Whenever I go to a wedding/event that features a DJ or enter a bar that has some form of jukebox, I specifically request all sorts of funk and old school R&B. There’s nothing funnier than having a couple of cocktails and watching a bunch of white people get down to some George Clinton, Rick James, Curtis Mayfield, and Chaka Khan and Rufus. Additionally, I enjoy listening to this music as I prepare dinner on Sundays. Daydrinks are optional.

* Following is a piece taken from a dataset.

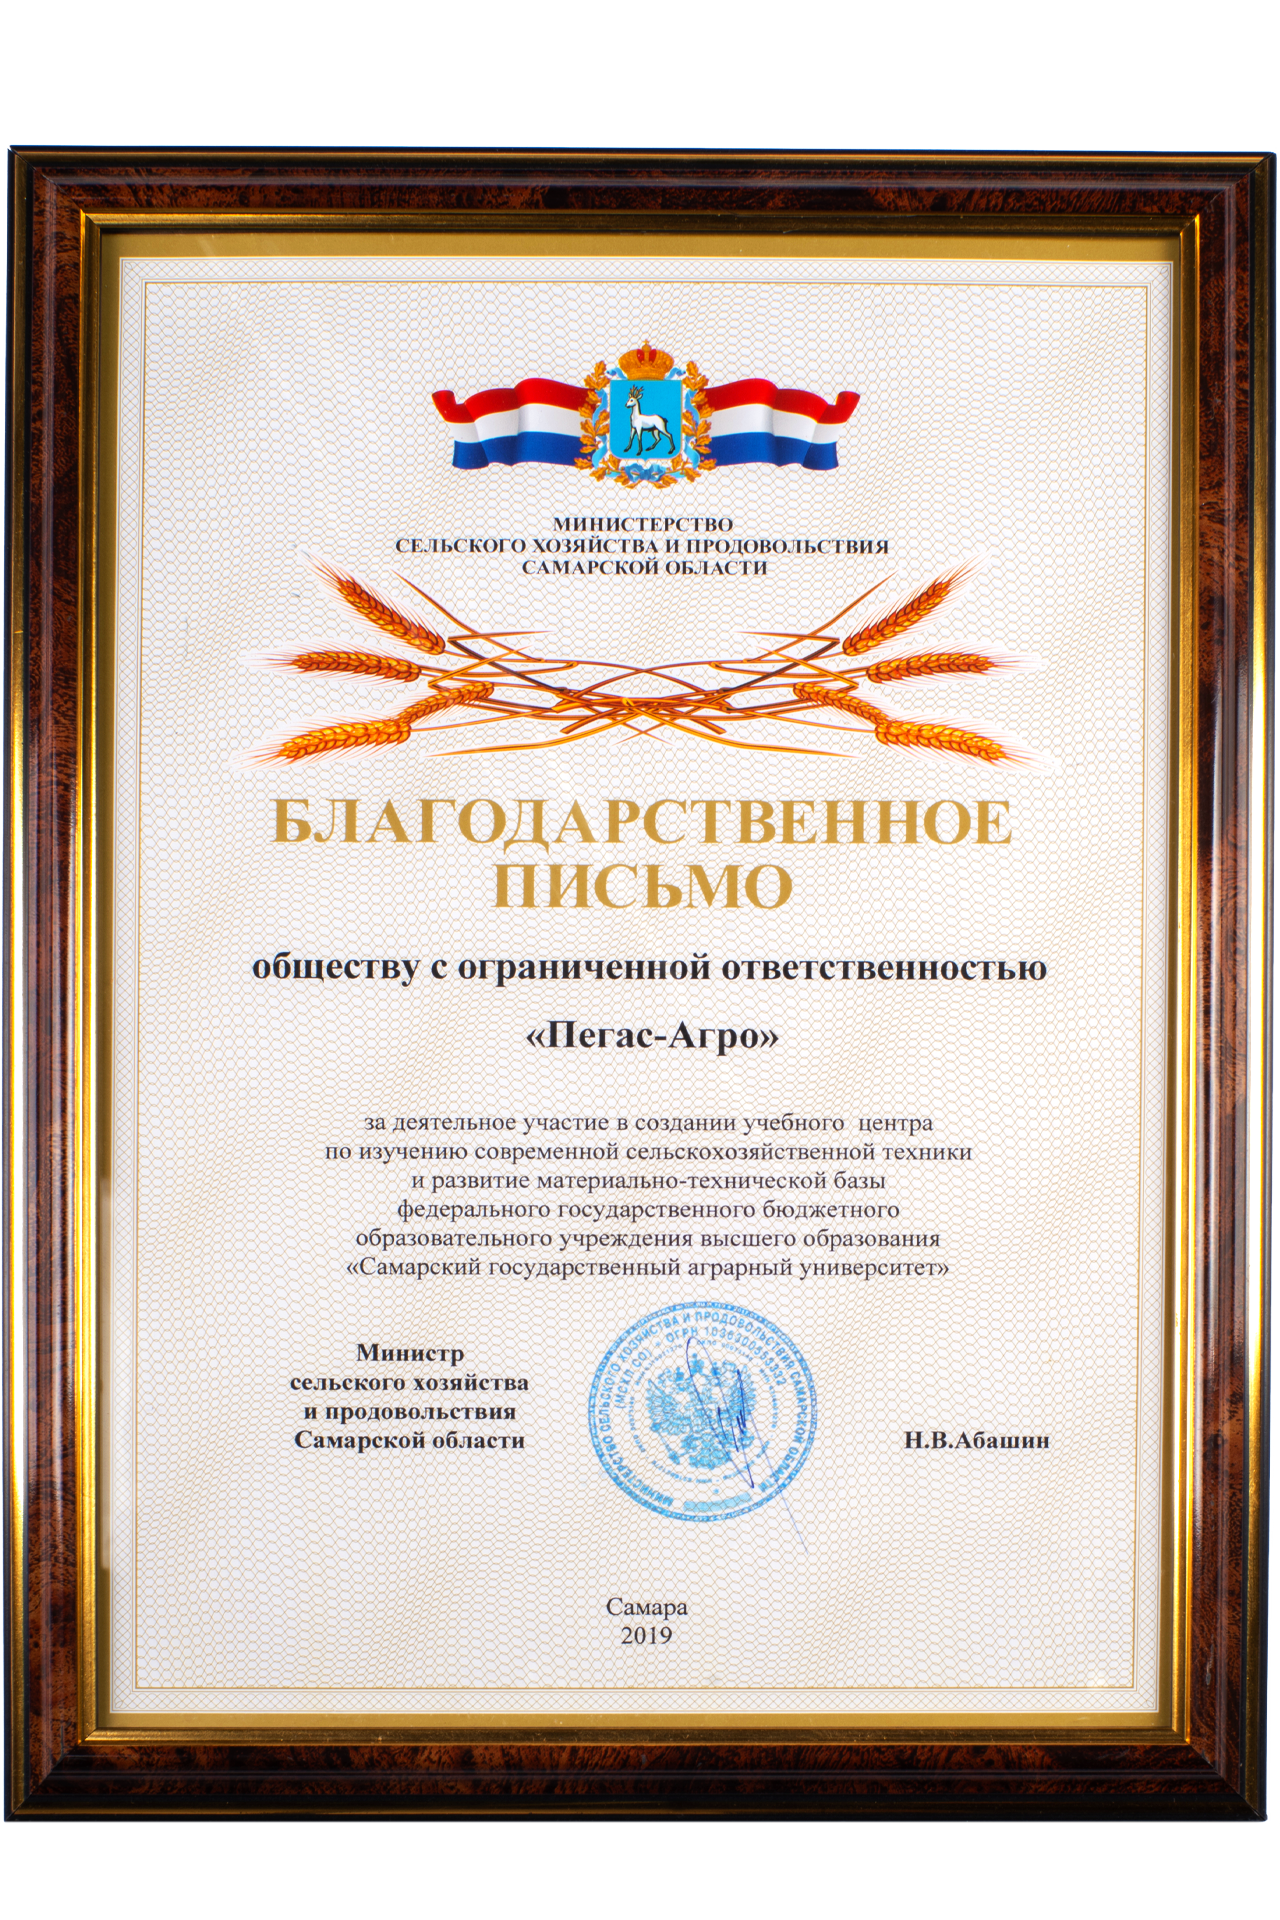 Appreciation Letter from the Minister of Agriculture and Food of the Samara Region, Samara

In my last post, we touched very lightly on my childhood Smurf fixation. What does this have to do with George Clinton? Absolutely nothing. However I will say that implementing a new Smurf character named Funky Smurf, who would basically resemble a blue version of George Clinton, could only result in a positive outcome for all involved. Plus, it will give the Smurfs some fresh material to sing as we render them homeless while making this:
Lady Sensory’s Transient Smurfs Gone Wild Mushroom Risotto
Yeah, the Smurfs live in mushroom houses. See what I did there? Ha. Okay, let’s get cooking. I have adapted my recipe from one that I found here. You will need:
2 tbsp butter
2 1/2 cups of a variety of mushrooms (more info on mushroom types below), chopped into 1/2 inch pieces
1/3 cup dry white wine (I used a Sauvignon Blanc)
1/3 cup dry vermouth
6 cups chicken stock or broth – you can make your own; since I was out of homemade, I used a combination of a 32 oz box of stock (4 cups) and 1 can (2 cups) of low sodium broth for this one.

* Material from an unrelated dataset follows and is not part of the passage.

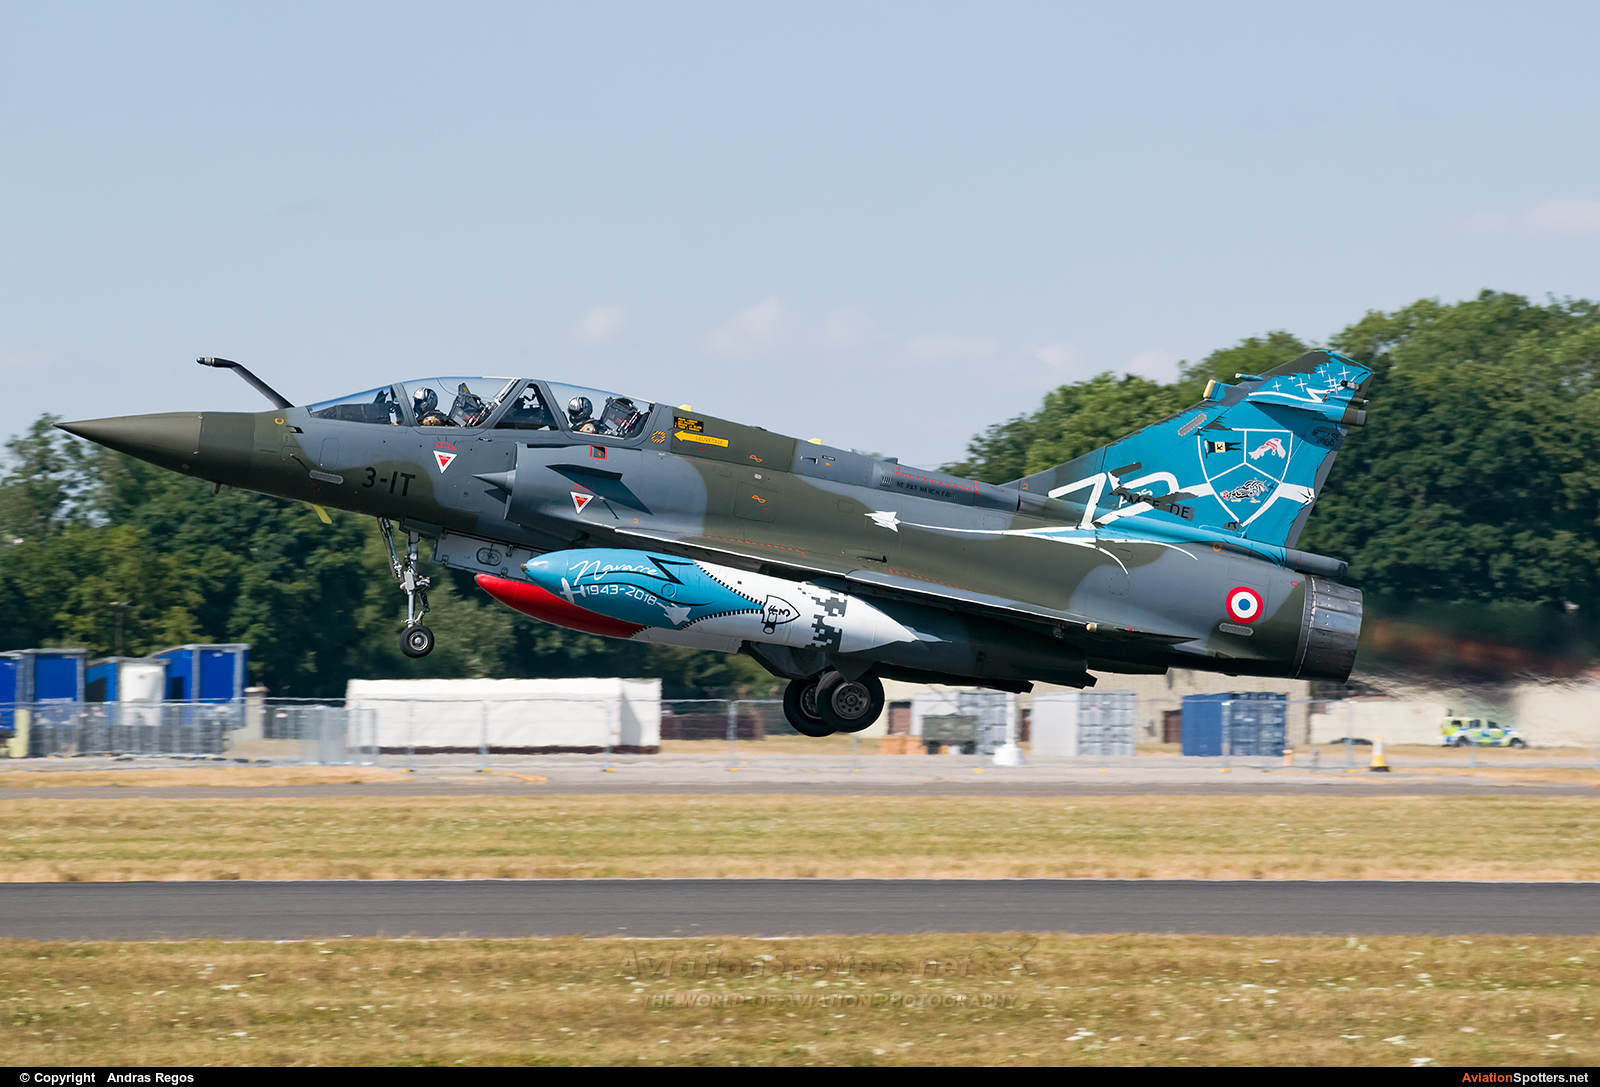 France - Air Force  -  Mirage 2000D  (624) By Andras Regos (regos)

1-2 cloves garlic, finely minced or pressed
4-5 shallots, finely chopped
1/2 small red onion, finely chopped
(the total of the onion, shallot, garlic mixture should equal around 1/2 cup)
2 cups arborio rice (risotto)
1/3 cup grated Parmesan cheese
Salt and freshly ground pepper, to taste
1 tbsp finely chopped parsley
1 tbsp finely chopped chives
Heat stock/broth in a saucepan until close to boiling and reduce heat to keep hot while preparing the risotto. In a heavy, medium to large saucepan or 4.5 qt fancy pot, heat 2 tbsp butter until melted, then add the onion/shallot/garlic mixture until translucent and slightly golden. Add your mushroom mixture and sauté for about 5 minutes. This time around, I used a combination of shiitake, oyster, royal trumpet, white button mushrooms and cremini (baby bella or brown button) mushrooms. I have used the light orange-yellow chanterelle mushrooms in the past as well. Basically any flavorful, woodsy combination of mushrooms will do. Buttons are underrated and do impart a nice mushroom flavor, which is why I use them in soups, stocks, etc., so if that is all you have, go right ahead and use them. Hen of the Woods mushrooms are also nice (and very tasty in stocks). Once the mushroom/onion mixture has released some juice, add the 2 cups of risotto and stir until coated with butter and juices. Allow to cook, stirring for about 2-3 minutes. Then add the wine & vermouth and raise the heat so the wine comes to a boil. Once that liquid evaporates (about 3 minutes), add hot stock, about 1/2 – 2/3 cup at a time, and allow to absorb almost completely before adding the next 1/2 – 2/3 cup. You will need to keep stirring to keep the rice from sticking to the pan. As I mentioned in my previous risotto post, it’s not hard, but will take a time committment of about 30-40 minutes to prepare. When the entire pot of stock has been added, stir in grated Parmesan, then add salt and pepper to your liking. Finish by adding the parsley and chives for added color and flavor.
This makes a solid 4-6 servings, so please be Smurfy and share and share alike, since they already have a Greedy Smurf. You can use vegetable stock to make this completely vegetarian if you so desire, but be cognizant that you are still putting the Smurfs out on the street with your extreme mushroom use. Combined with any follicular challenges, people could potentially confuse you with Gargamel.